Zum Abschluss können Sie noch einige allgemeine Formatierungen vornehmen, die der besseren Darstellung dienen. Für die Erwartungswerte empfiehlt sich eine kontrastreiche Farbgebung. Außerdem kann die vertikale Sekundärachse (am rechten Ende des Diagramms) verborgen werden, die schließlich nur mit Hilfswerten beschriftet ist. Rufen Sie dazu per Rechtsklick den Dialog Achse formatieren auf und legen Sie für Teilstriche und Beschriftungen (ggf. Linie) den Wert Keine fest.
Fertig! Ein einfacher und schneller Weg, um Kastengrafiken zu erzeugen.
Vielen Dank für die gute Anleitung!!! Es gibt leider ein Problem, wenn es sowohl positive als auch negative Daten gibt.

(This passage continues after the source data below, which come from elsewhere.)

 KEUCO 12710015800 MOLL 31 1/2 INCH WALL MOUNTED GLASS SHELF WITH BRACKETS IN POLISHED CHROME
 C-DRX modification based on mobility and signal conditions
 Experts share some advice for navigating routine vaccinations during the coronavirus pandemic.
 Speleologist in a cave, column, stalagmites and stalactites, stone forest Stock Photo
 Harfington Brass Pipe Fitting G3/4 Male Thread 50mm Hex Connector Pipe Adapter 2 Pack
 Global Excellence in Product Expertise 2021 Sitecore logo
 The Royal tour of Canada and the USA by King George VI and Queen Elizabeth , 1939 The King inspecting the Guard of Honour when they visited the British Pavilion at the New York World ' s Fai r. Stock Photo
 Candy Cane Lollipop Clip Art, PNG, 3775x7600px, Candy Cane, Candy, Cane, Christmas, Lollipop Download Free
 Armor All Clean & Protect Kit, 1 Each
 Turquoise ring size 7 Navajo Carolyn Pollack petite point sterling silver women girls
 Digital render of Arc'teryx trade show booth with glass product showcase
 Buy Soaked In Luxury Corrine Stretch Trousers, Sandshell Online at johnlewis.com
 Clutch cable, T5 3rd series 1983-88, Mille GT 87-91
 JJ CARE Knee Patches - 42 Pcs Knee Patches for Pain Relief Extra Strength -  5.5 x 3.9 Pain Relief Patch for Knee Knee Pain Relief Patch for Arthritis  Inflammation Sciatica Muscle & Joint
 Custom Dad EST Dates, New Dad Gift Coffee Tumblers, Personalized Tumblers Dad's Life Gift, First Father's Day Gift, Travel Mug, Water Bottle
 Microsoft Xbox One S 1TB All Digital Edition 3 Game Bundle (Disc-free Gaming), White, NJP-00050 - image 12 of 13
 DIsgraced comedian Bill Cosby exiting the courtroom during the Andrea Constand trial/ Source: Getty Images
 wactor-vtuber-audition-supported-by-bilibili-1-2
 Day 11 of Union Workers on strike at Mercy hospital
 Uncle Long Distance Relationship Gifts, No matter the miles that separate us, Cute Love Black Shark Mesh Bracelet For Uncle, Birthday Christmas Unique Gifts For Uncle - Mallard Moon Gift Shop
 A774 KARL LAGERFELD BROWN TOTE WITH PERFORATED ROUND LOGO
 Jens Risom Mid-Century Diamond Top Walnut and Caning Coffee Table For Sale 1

Dann funktioniert Eure Darstellungsmethode nämlich nicht richtig: Die ganze Box wird dann fälschlich nach oben geschoben und es gibt eine Lücke zwischen der unteren Antenne und der Box.
Du kannst die deine Daten einfach per Addition ins positive verschieben, die Beschriftung entfernen und mit Hilfe einer extra Data series + Data labels basierend auf bestimmten Zellen (in diesen die korrekten Werte für negativ bis positiv hinterlegen) erstellen.